*** Opening SOURCE MATERIAL ***

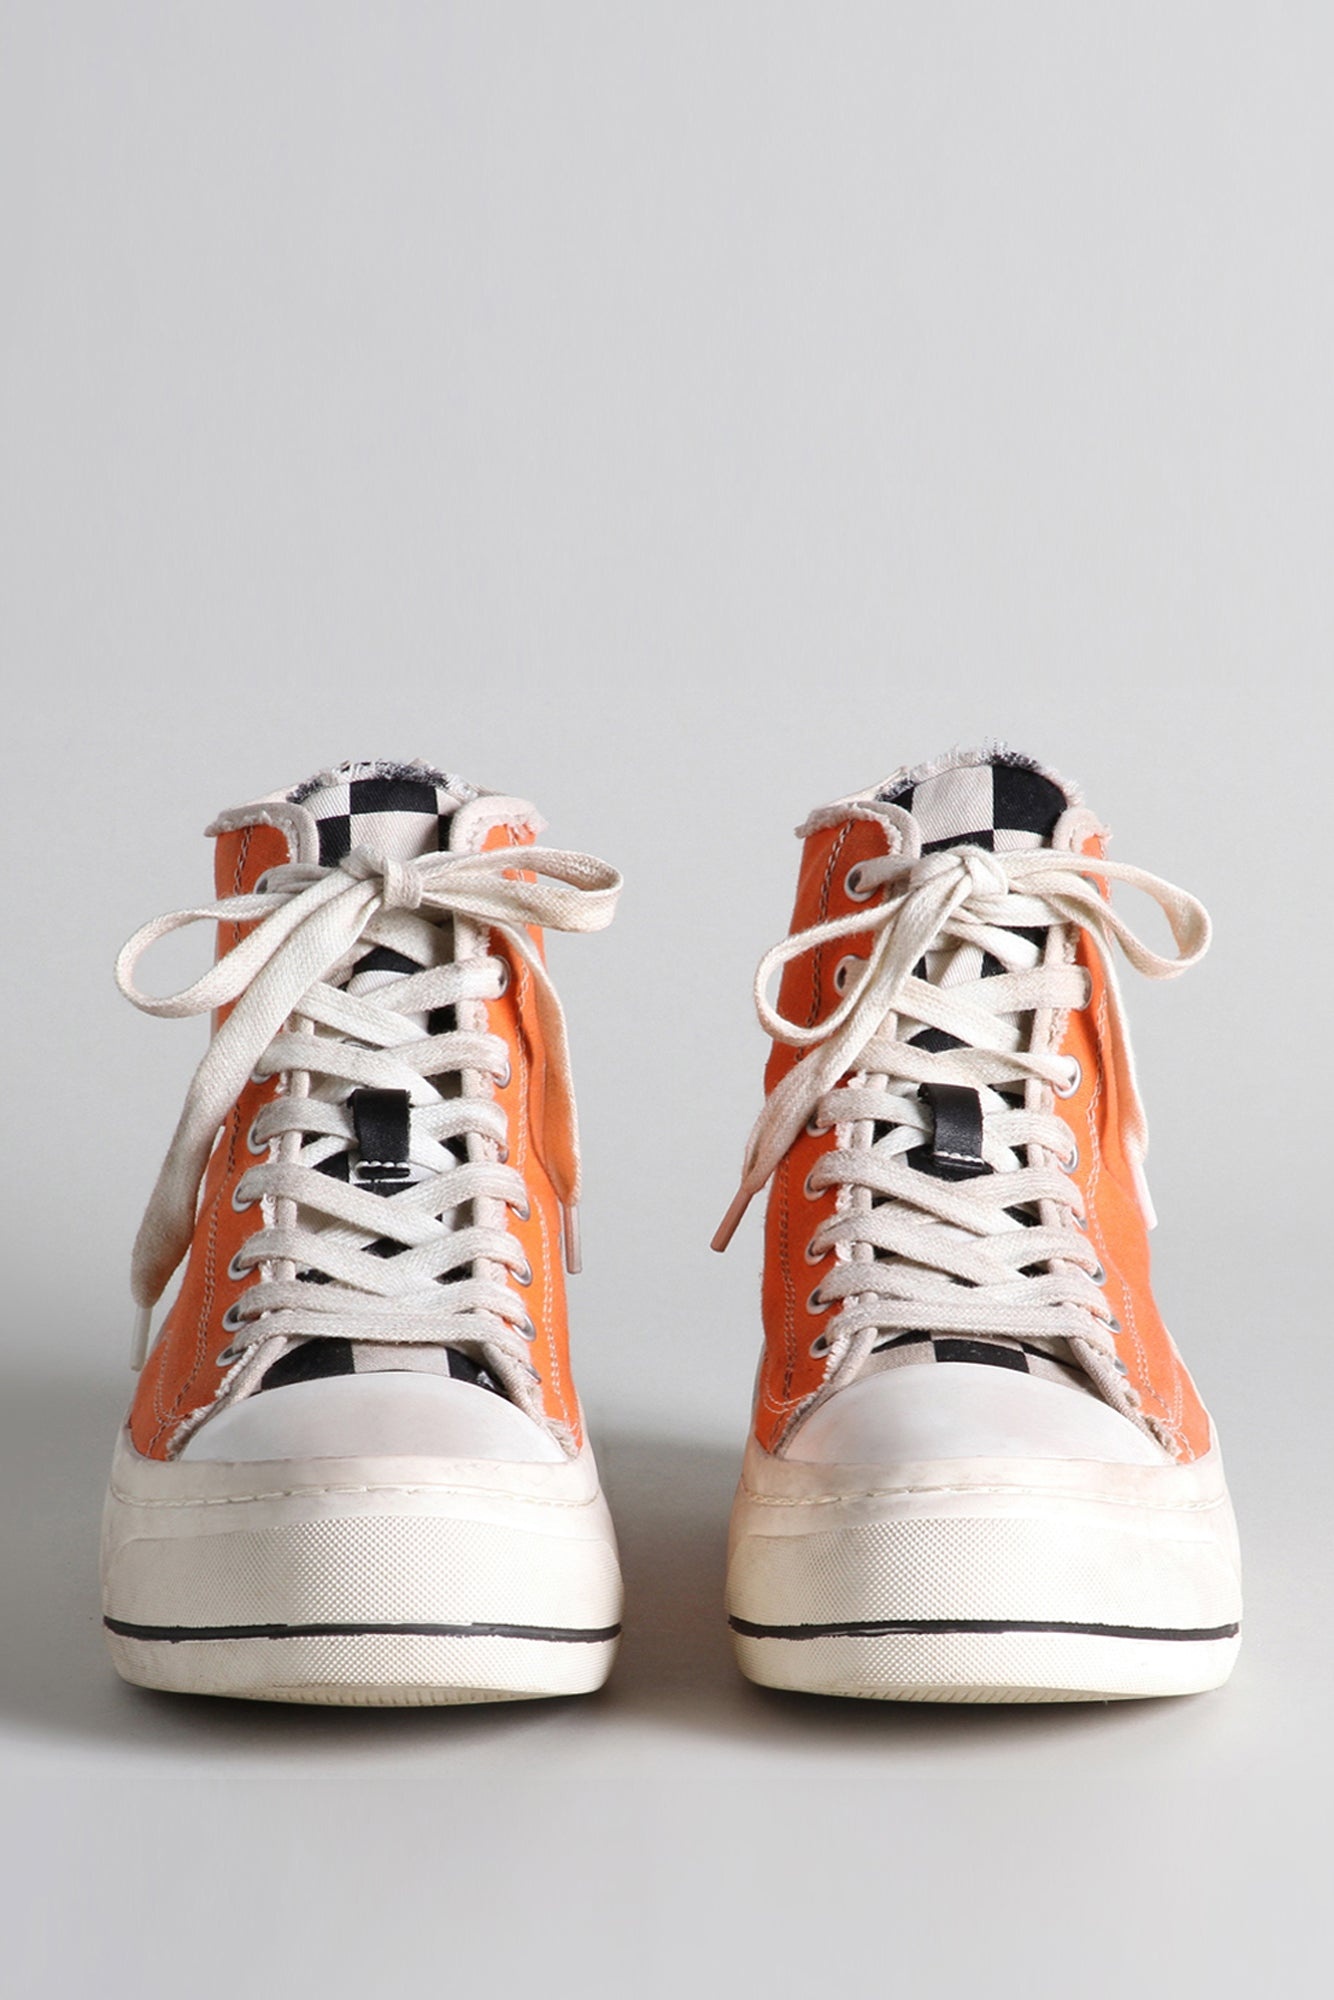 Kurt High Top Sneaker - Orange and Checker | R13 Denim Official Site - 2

*** Closing SOURCE MATERIAL ***
*** Opening SOURCE MATERIAL ***

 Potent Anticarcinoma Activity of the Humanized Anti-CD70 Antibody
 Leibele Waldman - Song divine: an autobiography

*** Closing SOURCE MATERIAL ***

# TASK DESCRIPTION
Return only the stretch of the material above from the line holding "Potent Anticarcinoma Activity" through the line holding "Leibele Waldman - Song", copied exactly.

# RESULT
 Potent Anticarcinoma Activity of the Humanized Anti-CD70 Antibody
 Leibele Waldman - Song divine: an autobiography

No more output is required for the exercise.